Doc. No. 43. In support of their motion, the defendants submitted the declaration of Terri Grigsby-Brown, the ADC’s Inmate Grievance Appeal Coordinator (Doc. No. 42-1); a copy of the ADC’s grievance policy, Administrative Directive 19-34 (Doc.

No. 42-2); Mitchell’s grievance history (Doc. No. 42-3); a copy of Grievance PB- 24-00168 (Doc. No. 42-4); the Declaration of Tabatha Thomas (Doc. No. 42-5); and Mitchell’s Status Assignment Sheet (Doc. No. 42-6).

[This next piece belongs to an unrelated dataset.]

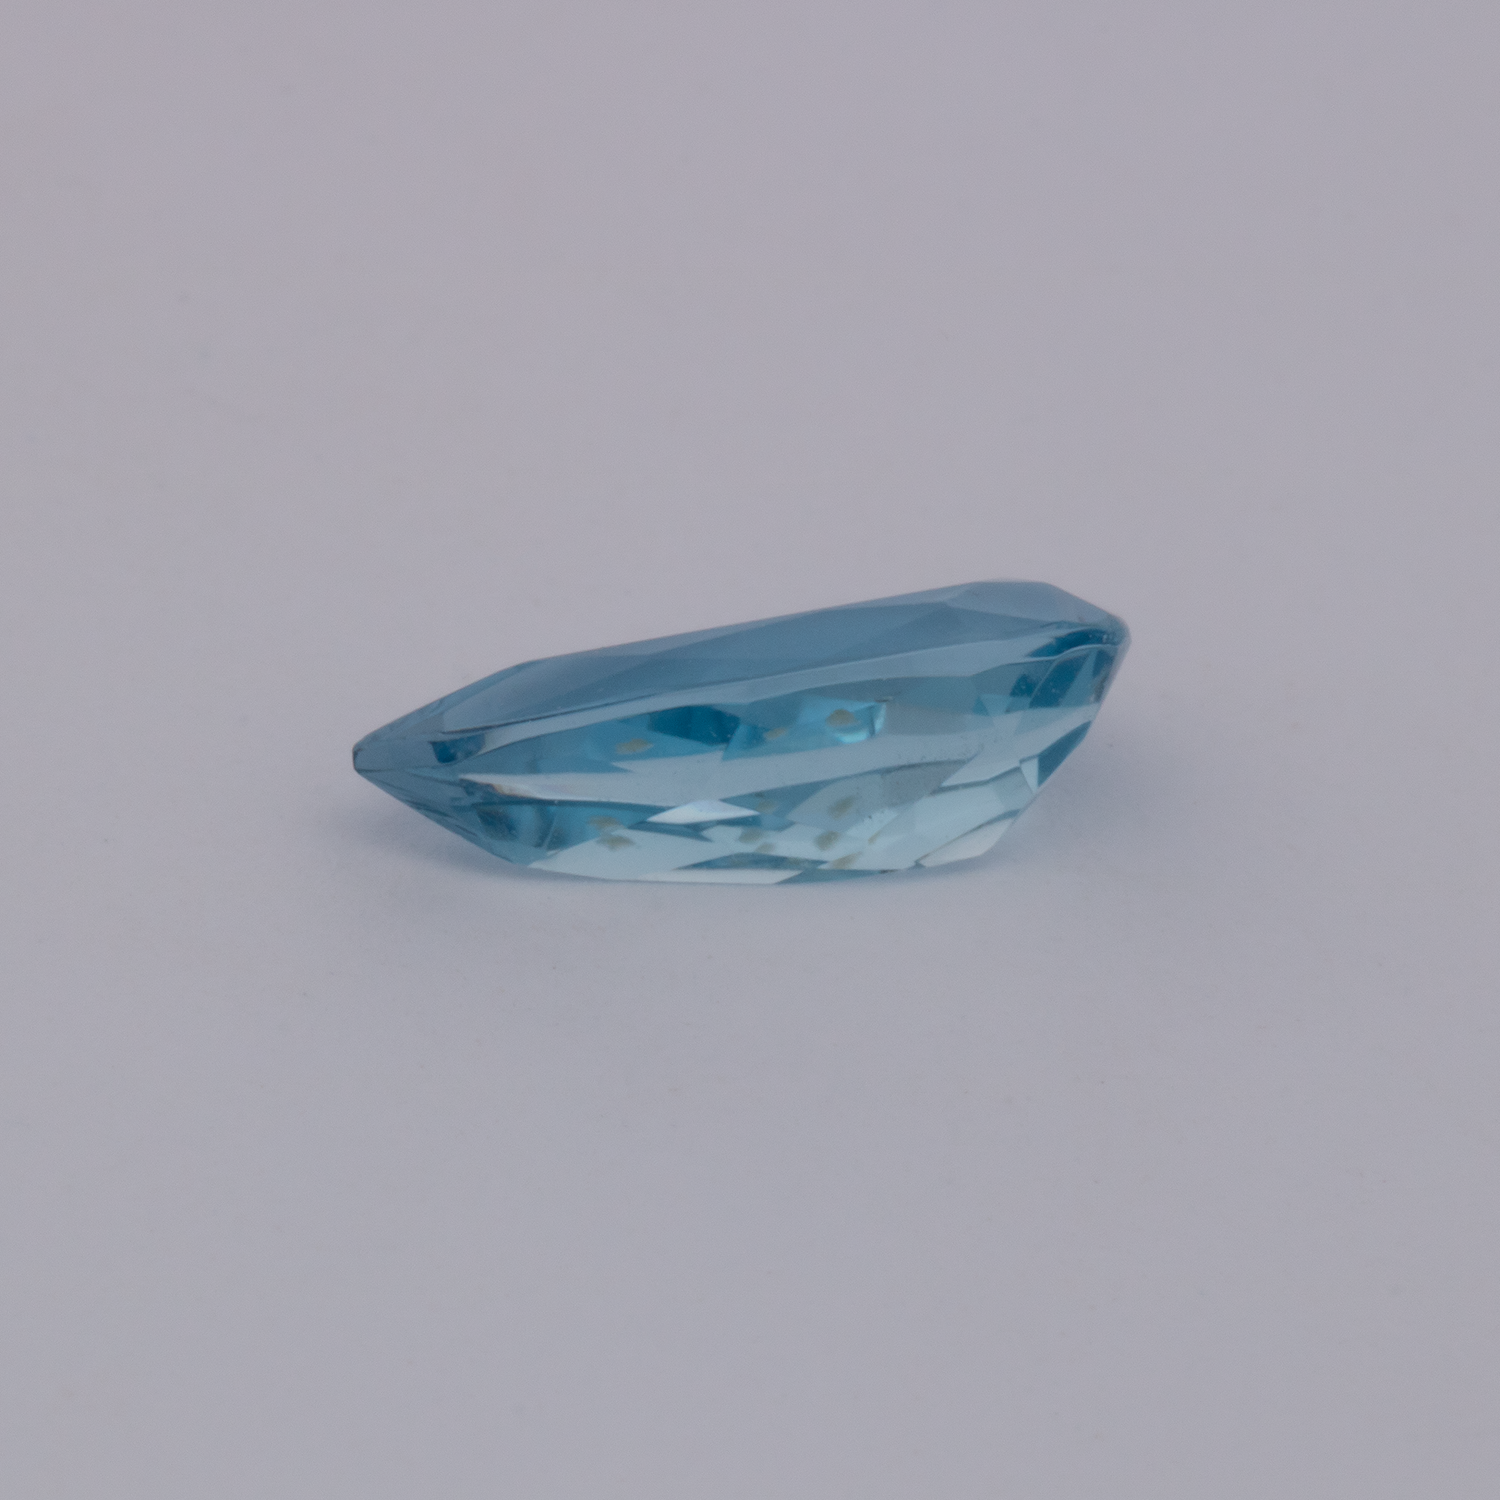 Aquamarin AA - blau, birnform, 9.7x4.6 mm, 0.84 cts, Nr. A99095

A. Exhaustion of Administrative Remedies The Prison Litigation Reform Act (PLRA) requires an inmate to exhaust prison grievance procedures before filing suit in federal court. See 42 U.S.C. §1997e(a); Jones v. Bock, 549 U.S. 199, 202 (2007); Burns v. Eaton, 752 F.3d 1136,

1141 (8th Cir. 2014). Exhaustion under the PLRA is mandatory. Jones v. Bock, 549 U.S. at 211; Hammett v. Cofield, 681 F.3d 945, 949 (8th Cir. 2012). “[T]he PLRA’s exhaustion requirement applies to all inmate suits about prison life whether they

involve general circumstances or particular episodes, and whether they allege excessive force or some other wrong.” Porter v. Nussle, 534 U.S. 516, 532 (2002). The PLRA does not prescribe the manner in which exhaustion occurs. See Jones v. Bock, 549 U.S. at 218. It merely requires compliance with prison grievance

procedures to properly exhaust. See id. Thus, the question as to whether an inmate has properly exhausted administrative remedies will depend on the specifics of that particular prison’s grievance policy. See id. Pursuant to the ADC’s grievance policy, Administrative Directive 19-34, inmates are provided Unit Level Grievance Forms as part of the Inmate Grievance

Procedure. See Doc. No. 42-2 at 5. To resolve a problem, an inmate must first seek informal resolution by submitting a Step One Unit Level Grievance Form within 15 days after the occurrence of the incident. Id. at 6. Inmates are to “specifically name

each individual involved in order that a proper investigation and response may be completed.” Id. at 5. An inmate must be “specific as to the substance of the issue or complaint to include the date, place, personnel involved or witnesses, and how the policy or incident affected the inmate submitting the form.” Id. at 6. A problem

solver investigates the complaint and provides a written response at the bottom of the form. Id. at 6-7. If the inmate is not satisfied with the resolution or the problem solver does not respond within three working days, he may then complete Step Two

of the grievance procedure and submit the form as a formal grievance. Id.